China is keen to get
some of its messy trading relationships in order, according to observers, as it
steps up its campaign to join the Comprehensive and Progressive Agreement for
Trans-Pacific Partnership (CPTPP), one of the Asia-Pacific’s largest trade
pacts.
Joining the agreement
aligns with Beijing’s desire to be an upstanding multilateral – or
collaborative – trade and investment partner.
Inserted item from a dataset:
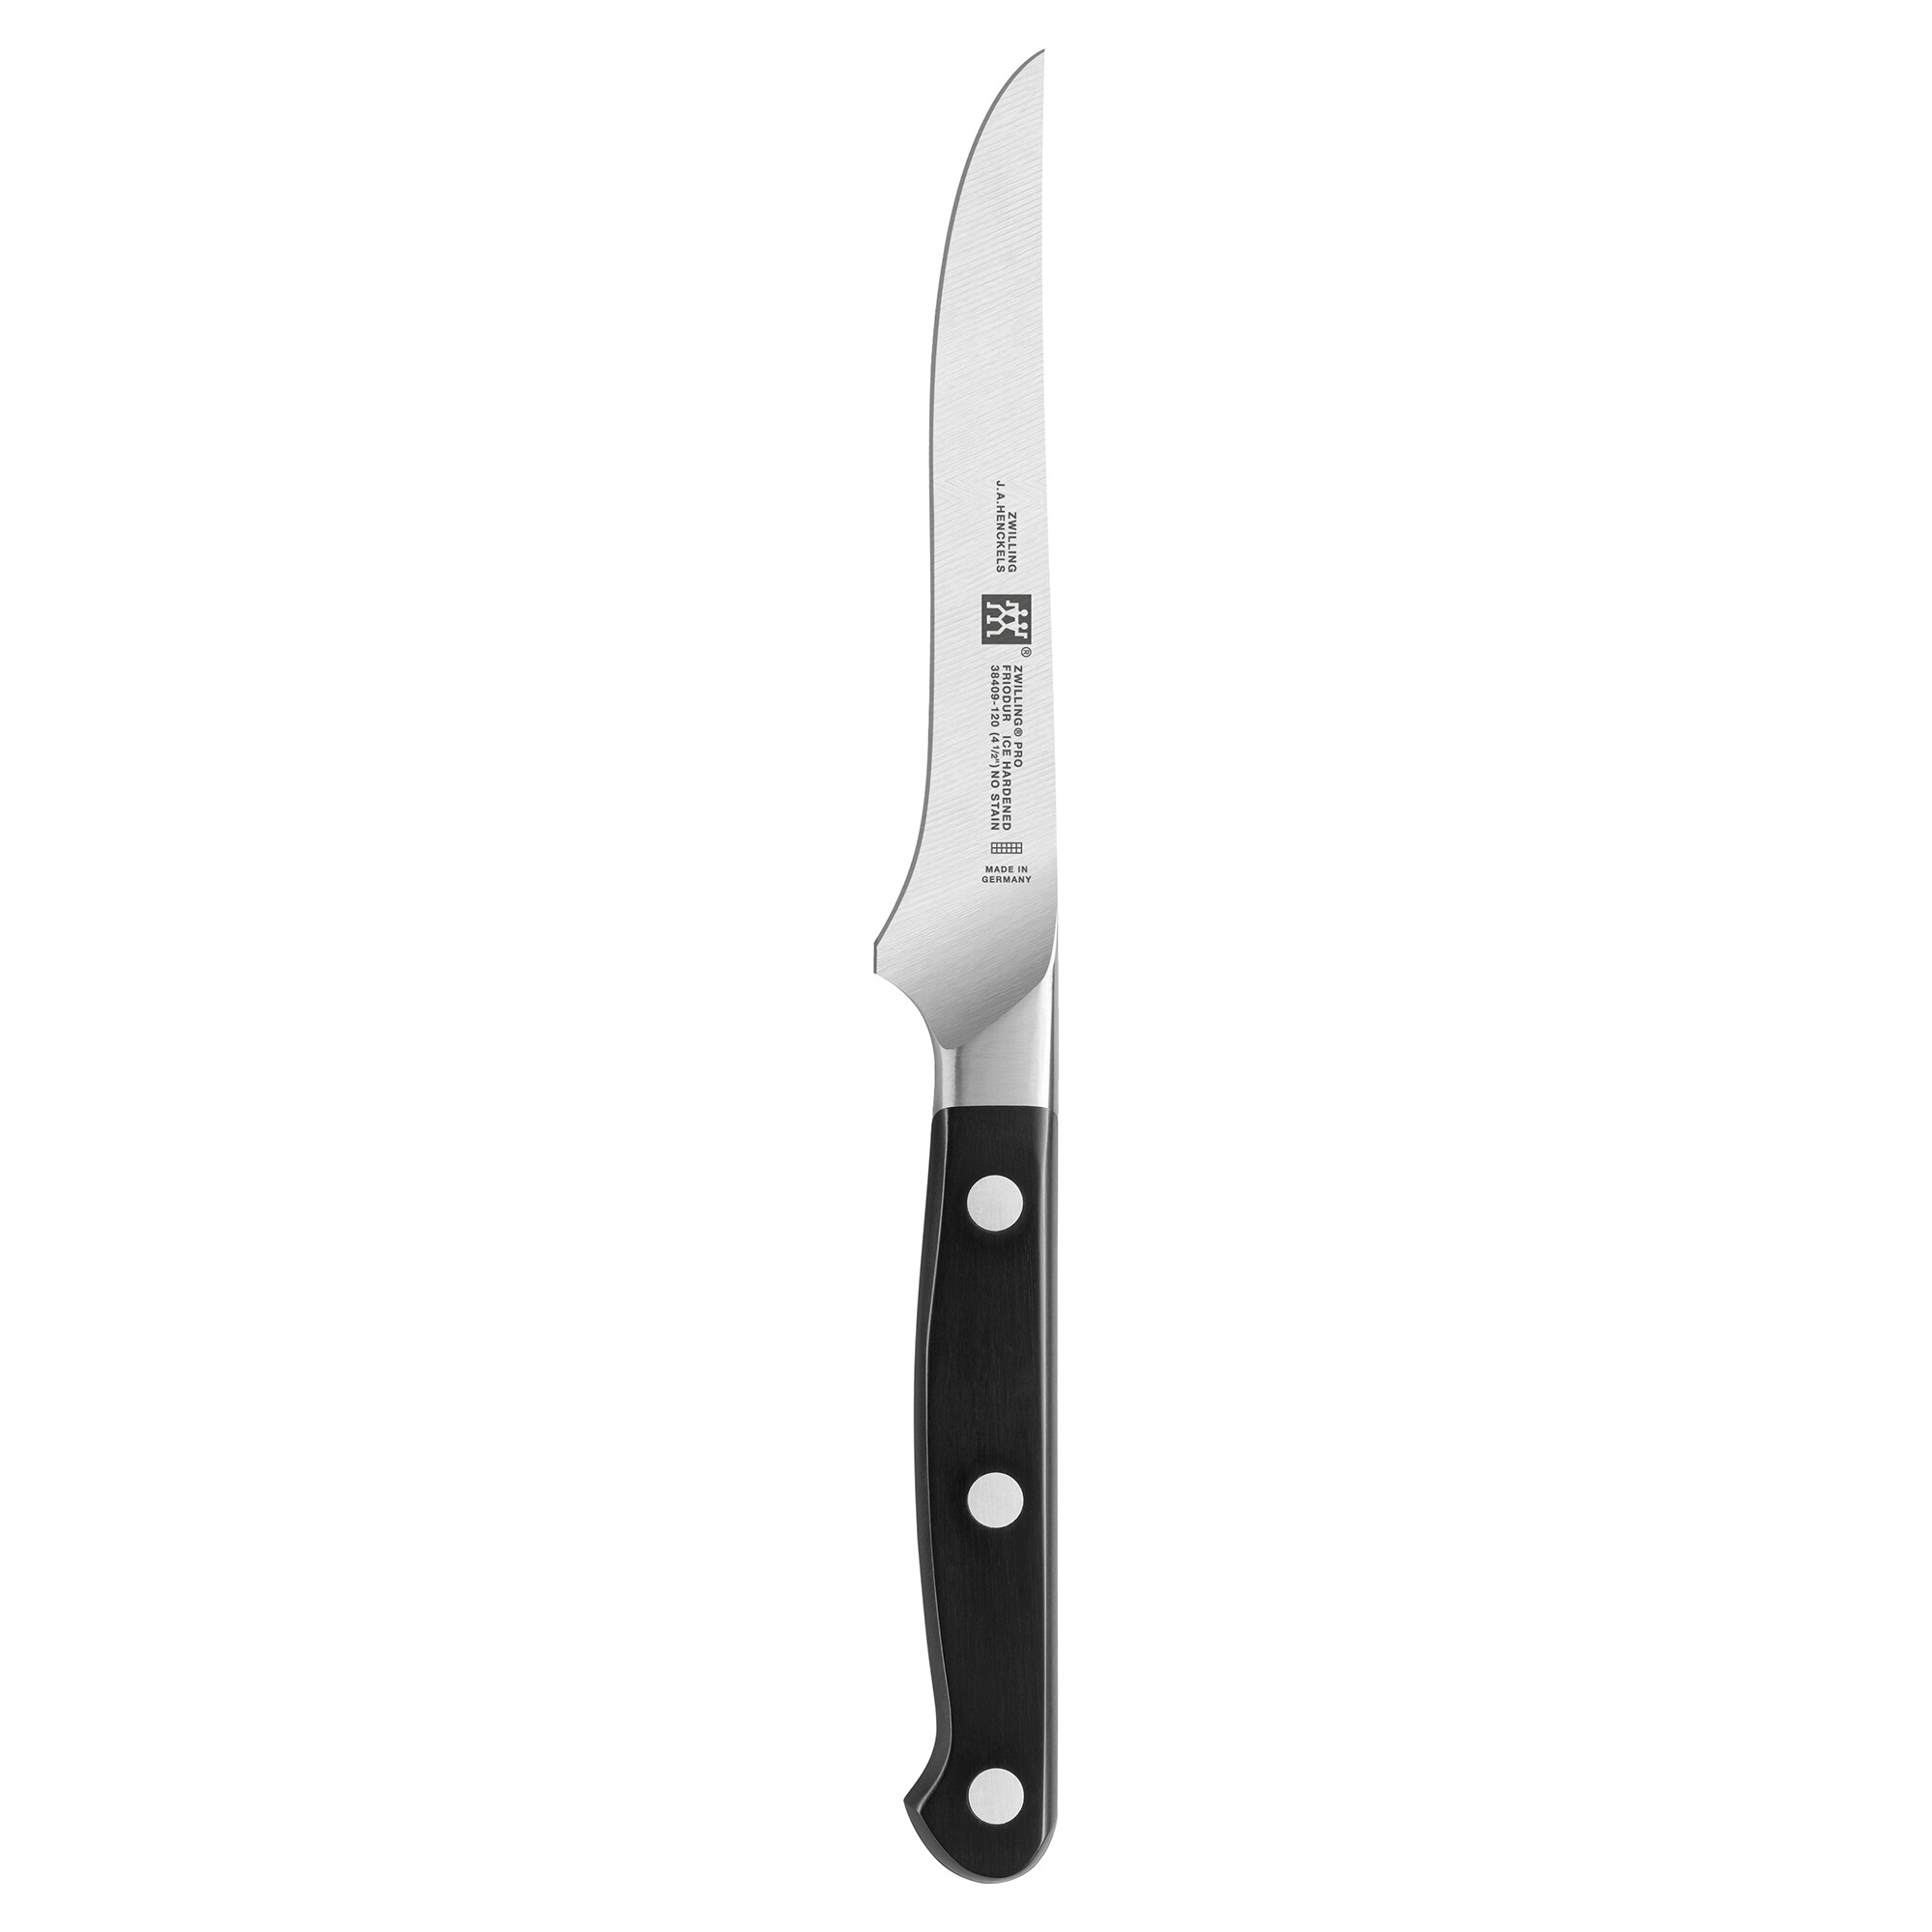 https://ak1.ostkcdn.com/images/products/is/images/direct/311a8d0099f64db35b875a2464f778d8fcd7490c/ZWILLING-Pro-4.5%22-Steak-Knife.jpg

Analyses show China’s inclusion
would not only benefit it but also many other countries in Asia including
Vietnam, Malaysia and Singapore.
Deborah Elms,
executive director of the Asian Trade Centre in Singapore, said Beijing’s
agreement to settle a three-year trade dispute informally with Canberra solved
a number of problems for China while also achieving some of its goals.
She said it enabled
China to get along better with Australia while its
pursued its soft-power strategy through multilateralism, whether in trade or geopolitics.
“It’s a bit of both –
a desire to put a ‘bilateral irritant’ to bed and an interest in showing that
disputes can be resolved even if the WTO dispute system itself is broken,” Elms
said. “China has always claimed that it is a champion of the multilateral
system since it started the path to become a [WTO] member.”
In general, when
countries such as Australia and China bring their disputes to the WTO, they are
encouraged to resolve their conflict informally.
With the WTO’s
appeals panel crippled after the US blocked the nominations of judges about
four years ago, seeing through a case at the WTO could be complicated and
time-consuming, Elms said.
With China next in
line to advance its bid to join the CPTPP after Britain’s application was
recently approved, time is ticking for Beijing to spruce up its global trade
image.
Aspiring CPTPP
members usually start their campaign by undertaking bilateral consultations
with founding members, one of which is Australia, to convince them to support
their applications.
This will be made
easier for Beijing following a breakthrough meeting between President Xi
Jinping and Australian Prime Minister Anthony Albanese at the G20 summit in
Bali last year, said Weihuan Zhou, co-director of the
China International Business and Economic Law (CIBEL) Centre at the University
of New South Wales.
An imminent
reconciliation would also support China’s strategic needs in relation to the
CPTPP, Zhou said.
“Existing WTO
litigation would have put China’s multilateral reputation at stake,” Zhou said.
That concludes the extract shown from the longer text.